Rencontrée en mai dernier à l’occasion du Change Now Summit, où elle donnait une conférence « how to drive business differently », Antje von Dewitz devait nous accorder 20 minutes. L’entretien durera 1h15. La pasionaria du business vert de l’outdoor était de passage à Paris, venue en train bien sûr – « aucun de mes quatre enfants, tous très engagés, ne tolèrerait que je prenne l’avion ! » dit-elle – c’était l’occasion pour nous de découvrir le visage de Vaude, spécialiste de l’équipement de montagne, l’un des plus exigeants de l’industrie textile en matière d’environnement. C’est d’ailleurs pour cela qu’elle est invitée ce jour-là à Paris à l’un des sommets sur l’environnement les plus intéressants du moment, car tous ici s’interrogent : comment concilier business et lutte contre le réchauffement climatique ? Une équation que la Directrice générale de Vaude, semble avoir résolue sur bien des points.
Qu’on en juge. « Cela fait maintenant 12 ans qu’Antje transforme Vaude en une entreprise totalement durable », explique le sommet dans sa bio express. « Elle plaide sans relâche pour une responsabilité écologique et sociale dans la chaîne d’approvisionnement, non seulement dans sa société, mais aussi au niveau national et international. Elle appelle les entreprises à assumer leurs responsabilités envers les personnes et la planète (..). Antje soutient l’approche de l’Économie pour le bien commun (Gemeinwohl-Ökonomie, ECG, mouvement initié par Christian Felber, activiste altermondialiste autrichien, ndlr) qui mesure le succès entrepreneurial non seulement en termes de bénéfices financiers mais aussi en termes de contribution au bien commun. En tant qu’ambassadrice de l’ECG, elle fait campagne pour que les entreprises reconsidèrent leur rôle dans la société » Pas mal pour une étudiante en économie et en culture qui ne se destinait pas vraiment à reprendre l’entreprise fondée en 1974 par son père, Albrecht von Dewitz, mais qui après un parcours très personnel, notamment au sein d’ONG et de l’université, conclut que, « c’était là qu’était ma place et que je pouvais le mieux agir, en conformité avec mes convictions ».
Bien vu : depuis qu’elle a repris les rênes de Vaude, entreprise basée dans le sud de l’Allemagne, près des rives idylliques du lac de Constance, en 2009, elle est parvenue à transformer fondamentalement sa société. Un parcours vers une entreprise plus vertueuse ponctué d’étapes majeures.

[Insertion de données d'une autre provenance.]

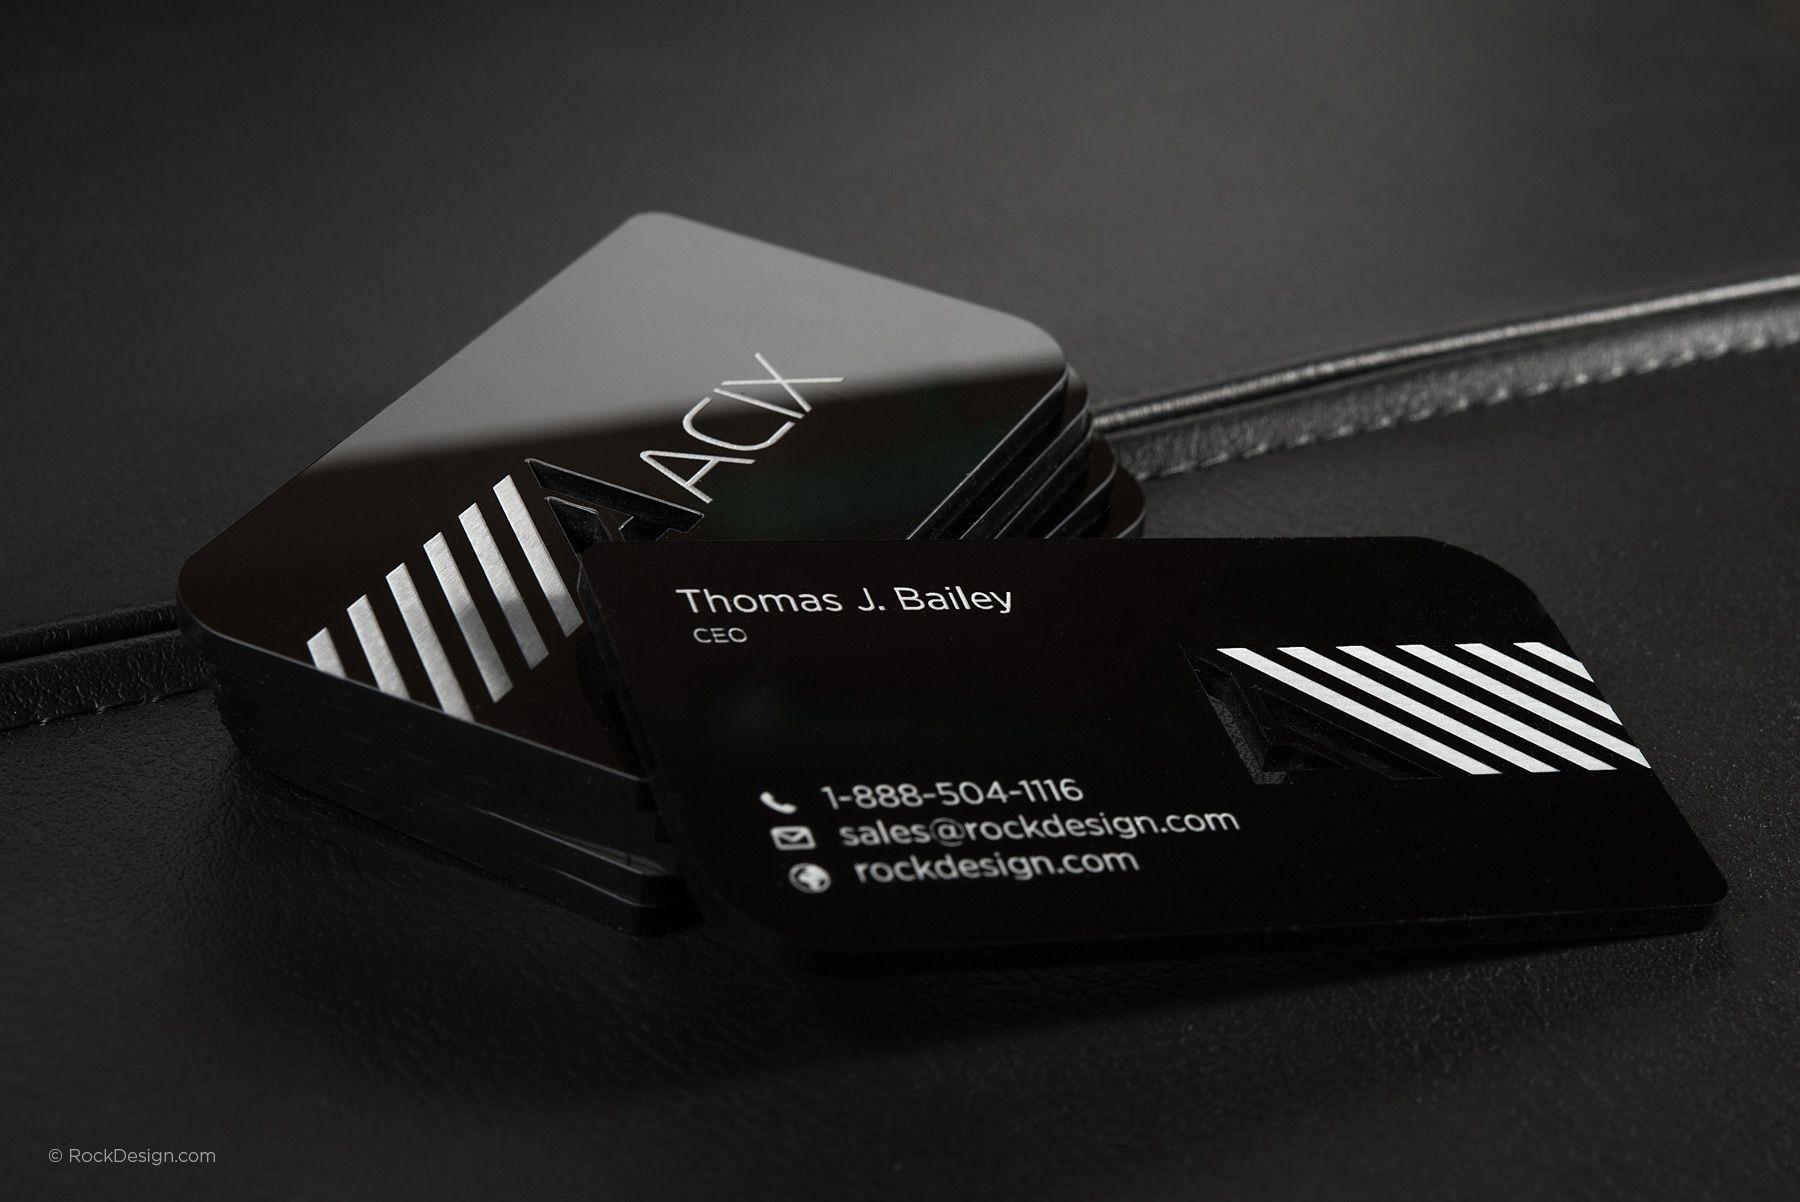 Acrylic Business Cards
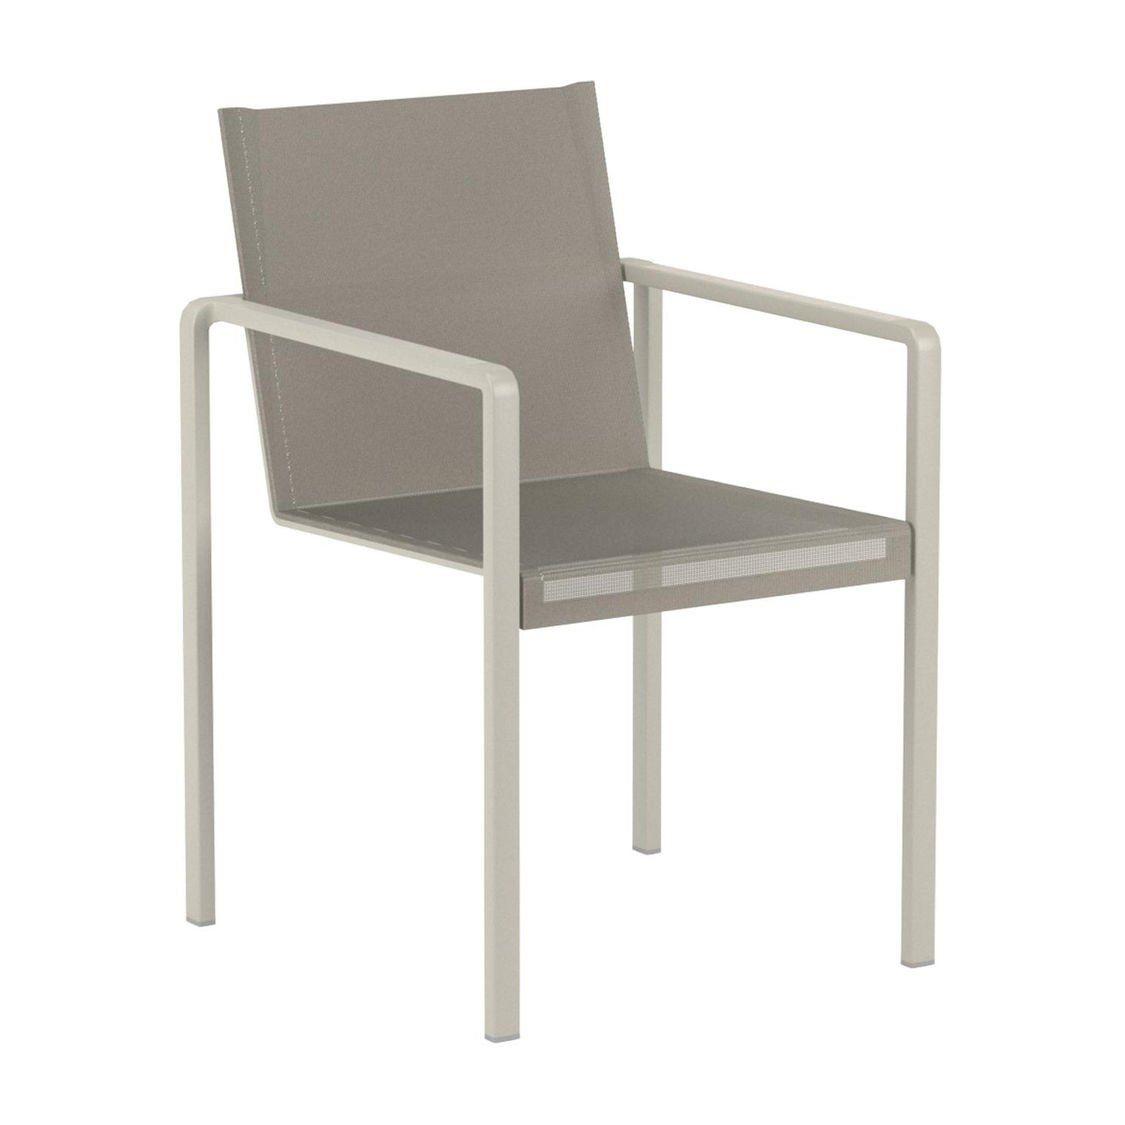 Alura Outdoor Armchair

Dès le milieu des années 90, premiers essais pour recycler entièrement les vêtements techniques des sportifs outdoor, au sein du réseau Ecolog-Recycling. 2001 : Vaude est la première dans l’industrie outdoor à soutenir et utiliser le très rigoureux label « Bluesign ». Huit ans plus tard, en 2009, elle va plus loin encore et crée son propre label de qualité Green Shape certifiant non pas seulement la matière première textile, mais tous les éléments constituants d’une veste. En toute logique, en 2015, elle signe le Greenpeace Detox Commitment, s’engageant ainsi à éliminer d’ici fin 2020 toutes les substances polluantes de la totalité de sa chaîne d’approvisionnement et à fabriquer toutes ses collections sans avoir recours aux PFC.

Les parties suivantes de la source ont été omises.